Dimana sangat umum dengan semua gambaran bahwa kepalanya menggantung di antara kaki depannya yang lebih pendek dibandingkan kaki belakang.

Sigbin juga terkenal dengan cara berjalan mundur seperti Kepiting. Perbedaannya dengan Kalomba, Sigbin mempunyai ekor yang panjang seperti cambuk yang memancarkan bau busuk dan dua kaki seperti belalang di lehernya yang dapat membuatnya meloncat dengan jarak cukup jauh.

Mereka keluar pada malam hari untuk mencari anak-anak untuk dilahap, tetapi mereka menyimpan hati anak-anak itu untuk dijadikan jimat.

Kebanyakan cerita dan penampakan banyak berasal dari daerah Cebu, Philipina.

Pada tahun 2005 silam, seorang ilmuan dari Borneo, Kalimantan menemukan seekor “Karnivora yang mirip dengan Kucing dan rubah” dengan kaki belakang lebih panjang daripada kaki depan yang memperlihatkan gaya berjalan yang aneh dan penampilan fisik yang cocok dengan beberapa penjelasan dari Sigbin (ekor yang panjang, kaki depan pendek, dapat melompat dengan jarak jauh, karnivora).

Sampai saat ini belum ditemukan bukti nyata yang menyatakan apakah Kalomba adalah makhluk halus atau makhluk hidup.

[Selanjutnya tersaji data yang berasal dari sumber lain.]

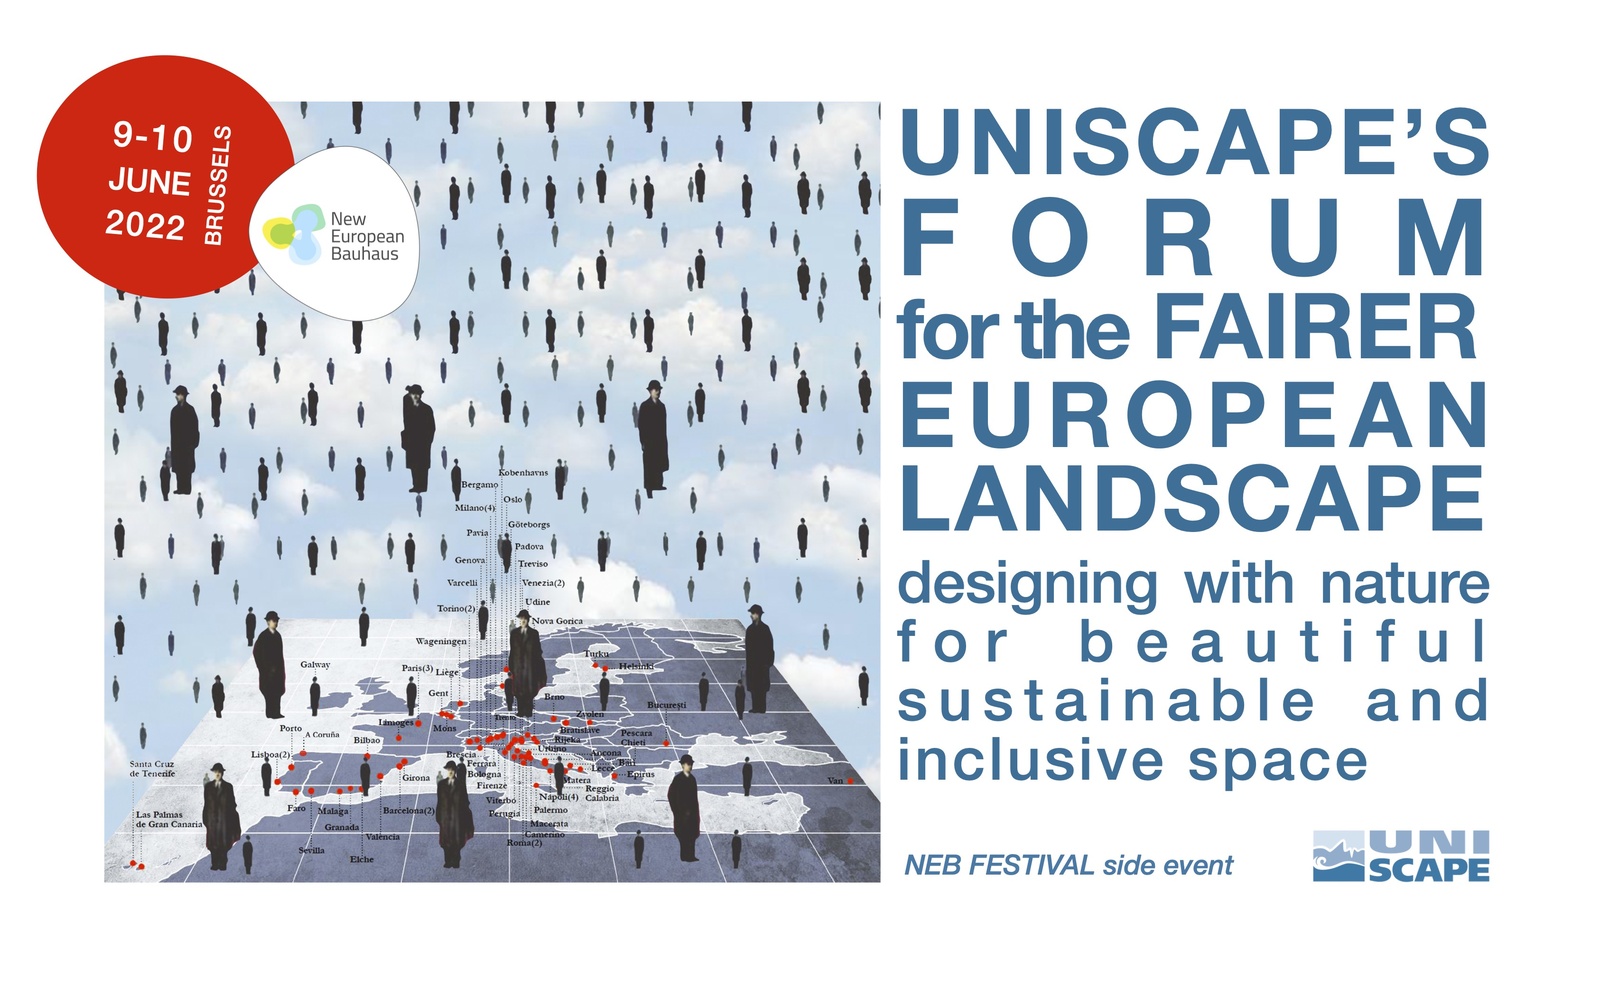 UNISCAPE’s forum for the FAIRER EUROPEAN LANDSCAPE

Yang jelas, sosok Kalomba sudah tak asing di telinga kita. Apalagi yang berdomisili di Sulawesi Tengah. Pastinya, makhluk kalomba masih merupakan mitos dan legenda yang tetap hidup dan kerap menjadi selentingan cerita.**

Riwayat Artikel:

penulis: Andi Sadam | referensi: dari berbagai sumber

Sejak 2013-2019, tulisan ini telah terbit di sejumlah media di Sulawesi Tengah—cetak maupun online.

Catatan:

Cerita ini diangkat semata-mata untuk  menggali tentang kebenaran serta keberadaan makhluk misterius yang disebut Kalomba, yang kini masih diyakini sekelompok orang. 

Sesungguhnya keyakinan pada khurafat dan mitos ini pada hakehatnya adalah pemikiran musyrik jahiliyyah. “Tidak ada suatu musibah pun yang menimpa seseorang kecuali dengan ijin Allah dan barangsiapa yang beriman kepada Allah niscaya Dia akan memberi petunjuk kepada hatinya. Dan Allah Maha Mengetahui segala sesuatu.